Law Enforcement Officers Getting Younger - Cleveland 19 News Cleveland, OH

Law Enforcement Officers Getting Younger

CLEVELAND (AP) - An apparent trend in Ohio law enforcement is that officers on average are getting younger, and less experienced, according to a published report.

Veteran law-enforcement officers are leaving their jobs and placing public safety in the hands of increasingly younger, less experienced police departments, The Plain Dealer reported Monday.

At the Cuyahoga County Sheriff's Department, after 12 retirements last year and a wave of hirings after the Sept. 11 attacks, one in five deputies now has less than 21 months of experience.

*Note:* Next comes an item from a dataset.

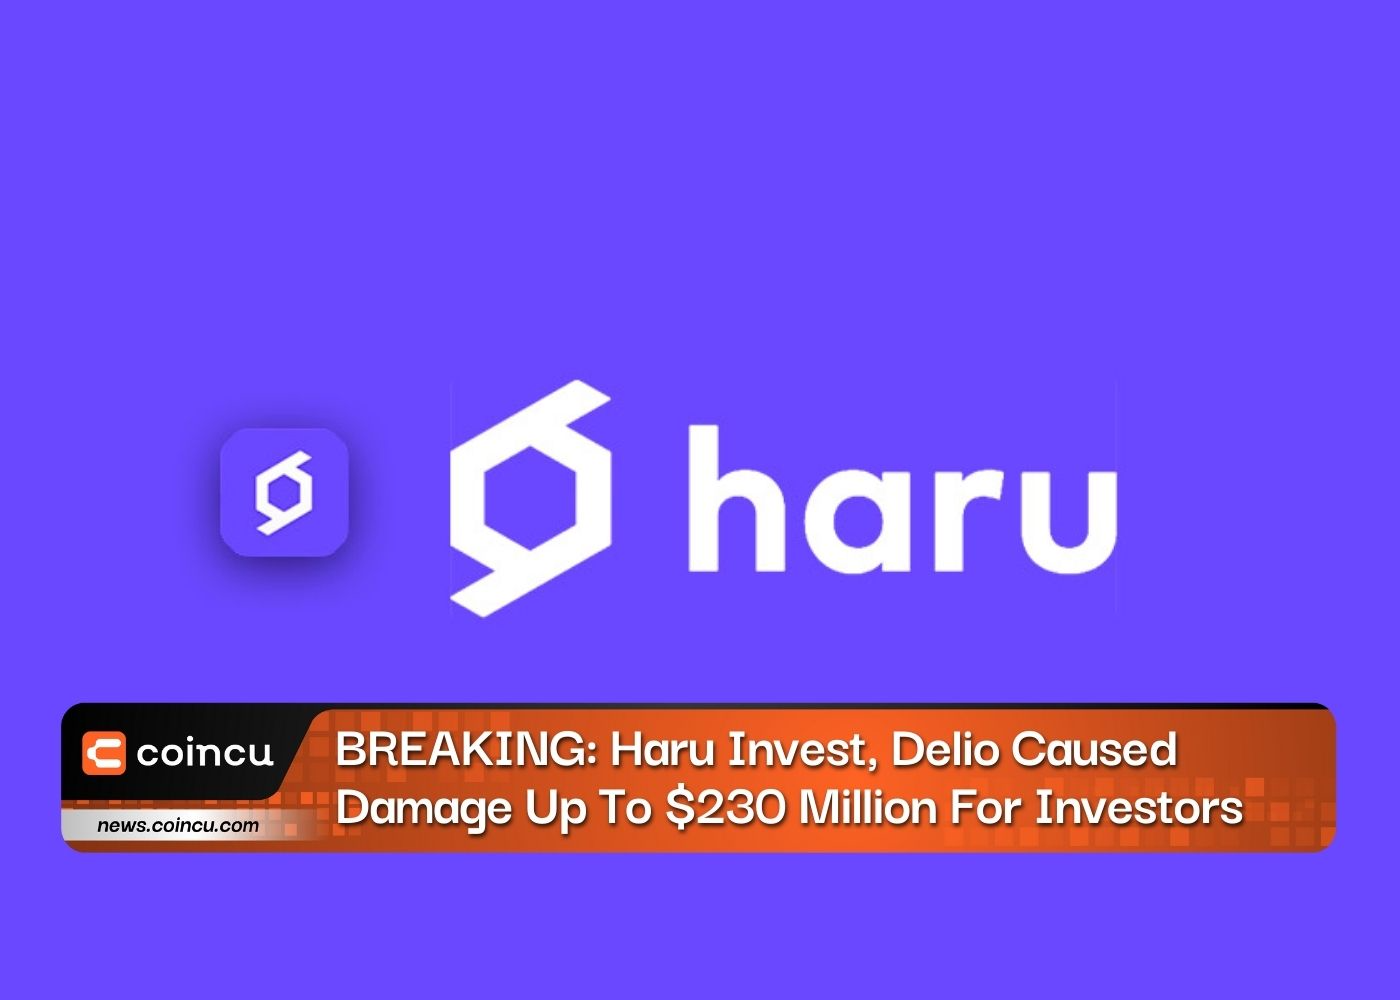 BREAKING: Haru Invest, Delio Caused Damage Up To $230 Million For Investors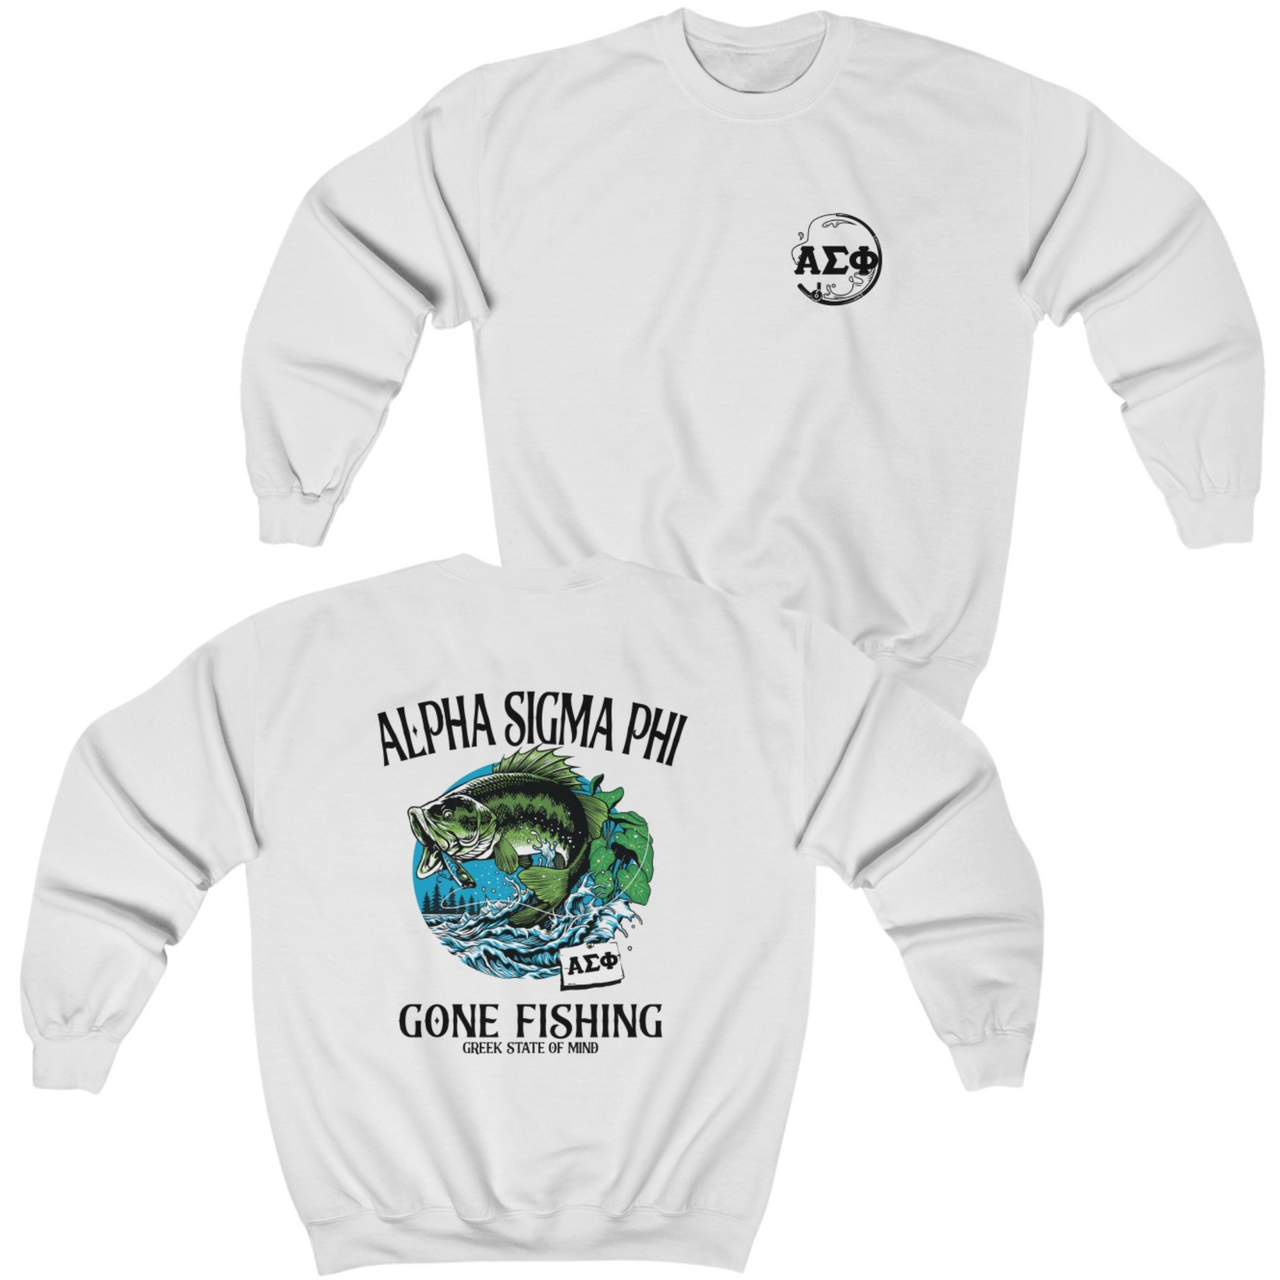 White Alpha Sigma Phi Graphic Crewneck Sweatshirt | Gone Fishing | Alpha Sigma Phi Fraternity Shirt

The Cleveland Police Department, which has 1,900 officers, has been losing about 100 annually in recent years. Of the dozen who were commanders last year, one-third have retired. Forty percent of the street-patrol officers have less than five years' experience.

Statewide, an average of 500 officers retired each year in the 1990s. That's up 88 percent from 260 in the 1970s, according to the Ohio Police and Fire Pension Fund. During the 1980s, about 400 officers retired each year.

Those leaving are often the most seasoned officers -- those in their late 40s, who retire or take more lucrative jobs in the private sector that allow them to earn paychecks at the same time they're drawing pensions of 60 percent or more of their former police pay.

To fill the gap, police departments are hiring a wave of recruits, and the result is the emergence of forces with less collective time on the job.

Hubert Williams, president of the Police Foundation, a Washington-based nonprofit organization, said the decision to leave is often about the money.

For many, retirement means launching a second career in teaching, security or other areas. Coupled with their pensions, these opportunities at the end of a police career are financially more attractive.

One of the objectives of a new state law is to entice officers to stay well after the 25-year mark at which they become eligible for pensions.

With the backing of the Police and Fire Pension Fund and police unions, legislators approved the Deferred Retirement Option Plan, which will allow police officers and firefighters to increase benefits upon retirement in exchange for deferring retirement up to eight years.